Carthvodeer asintó con labios temblorosos y se alejó rápidamente con movimientos poco coordinados. Toller se lanzó en un lento vuelo que concluyó al alcanzar un asidero cerca de donde estaba Berise. Los ojos verdes de la mujer le miraron directamente, con sereno desafío.

—Tú y yo —le dijo Toller en voz baja— estamos en una posición privilegiada en comparación con alguien como Carthvodeer.

—¿En qué sentido, milord? —de todos los pilotos que estaban bajo su mando, ella era la única que continuaba tratándole de forma protocolaria.

—Nosotros quisimos venir aquí. Salimos cada día de estos oscuros confines de madera y volamos por el espacio como águilas. Esta larga espera es dura para todos, pero piensa lo que debe ser para alguien que no deseaba venir aquí y que no puede evadirse.

—Hum. No me daba cuenta de que el carboncillo hacía tanto ruido —dijo entonces Berise—. Buscaré un lápiz para dibujar, si no tiene objeción que poner.

—Me da igual. Como bien dijiste, los landeses no nos cogerán por sorpresa.

Toller estiró el cuello para ver el dibujo de Berise. Representaba el interior de la estación; ella había remarcado con énfasis los haces paralelos de la luz del sol sesgados que entraban desde la fila de portillas. Las figuras humanas y las portillas estaban sugeridas más que detalladas y en cierto modo a Toller le gustó, aunque no estaba calificado para juzgar su arte.

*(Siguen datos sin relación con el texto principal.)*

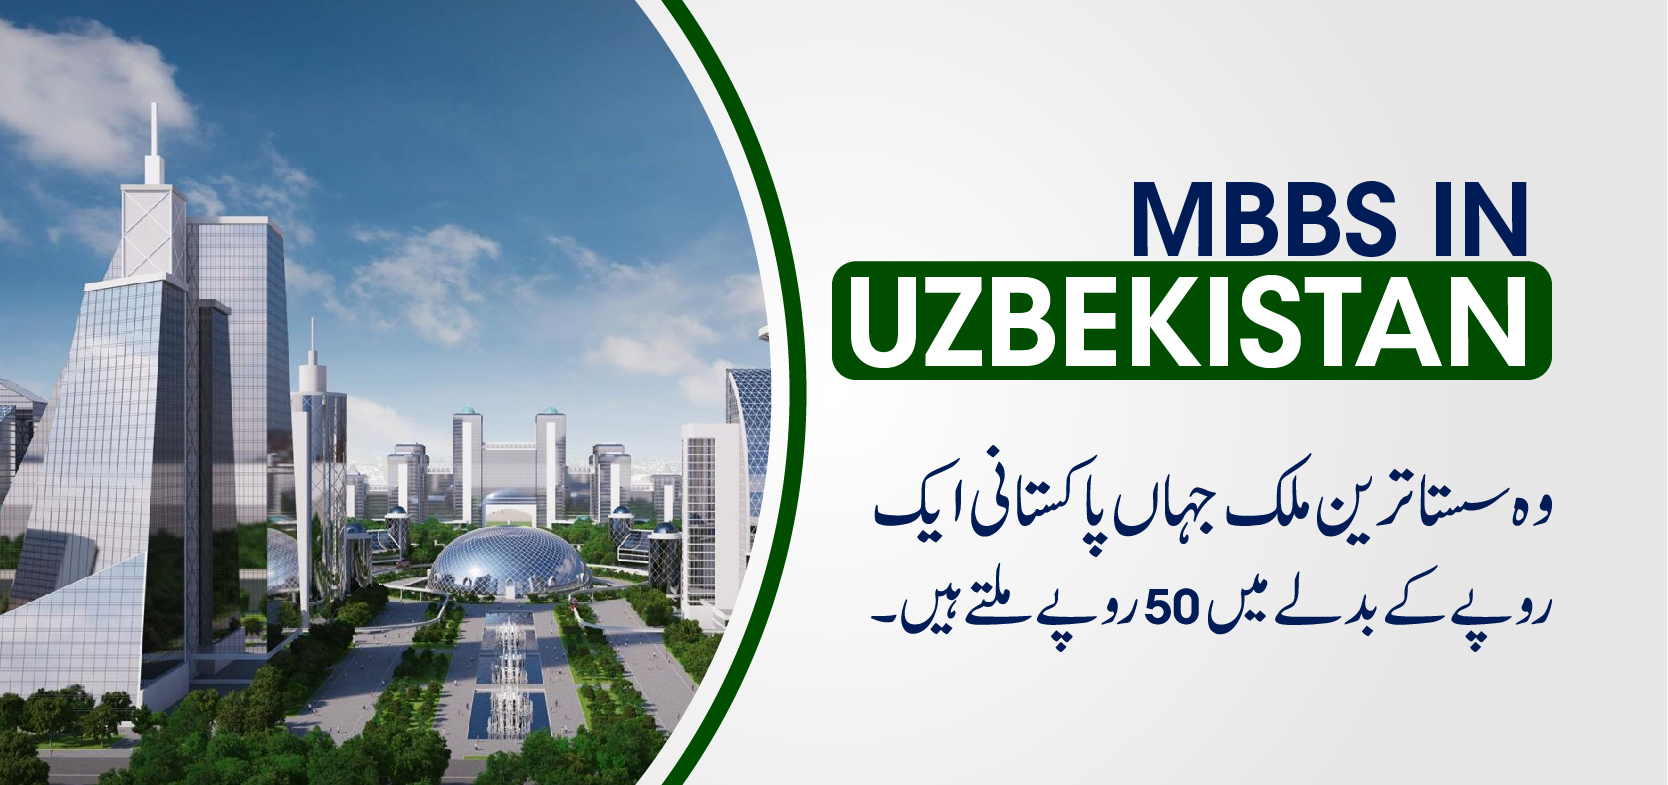 MBBS in Uzbekistan for Pakistani students 2022-2023:

—¿Por qué haces eso? —le dijo.

Ella le sonrió.

—El viejo Imps dice que no cumplo con mi deber, pero yo creo que todo el mundo en Overland tiene más de un deber. Cada uno de nosotros debe buscar y desarrollar sus facultades artísticas. Yo no sé si alguna vez llegaré a ser buena dibujante, pero estoy esforzándome para ello. Si fracaso, probaré con la poesía, con la música, con la danza… Seguiré buscando hasta que encuentre algo que sea capaz de hacer, y después lo realizaré de la mejor forma que me sea posible.

—¿Por qué tenemos ese deber?

—¡Por la Migración! No se puede hacer lo que hicimos sin pagar las consecuencias. Dejamos el alma de nuestra raza en el Viejo Mundo. ¿Sabía usted que en ninguna de las naves que tomaron parte en la Migración había una sola pintura? Ni libros, ni esculturas, ni música. Lo dejamos todo atrás.

—No fue precisamente un viaje de placer, ¿no lo comprendes? —dijo Toller—. Éramos emigrantes que llevábamos lo esencial para sobrevivir.

—¡Trajimos joyas y dinero inútil! ¡Toneladas de armas! Toda raza necesita un armazón cultural para apoyar los otros aspectos de su existencia, y nosotros no tenemos ninguno. El rey no lo ha incluido en sus planes para un nuevo Kolkorron. Dejamos todo eso detrás, y por esta razón Overland está tan vacío. No es porque seamos pocos y estemos diseminados por todo el planeta; nuestro vacío es espiritual.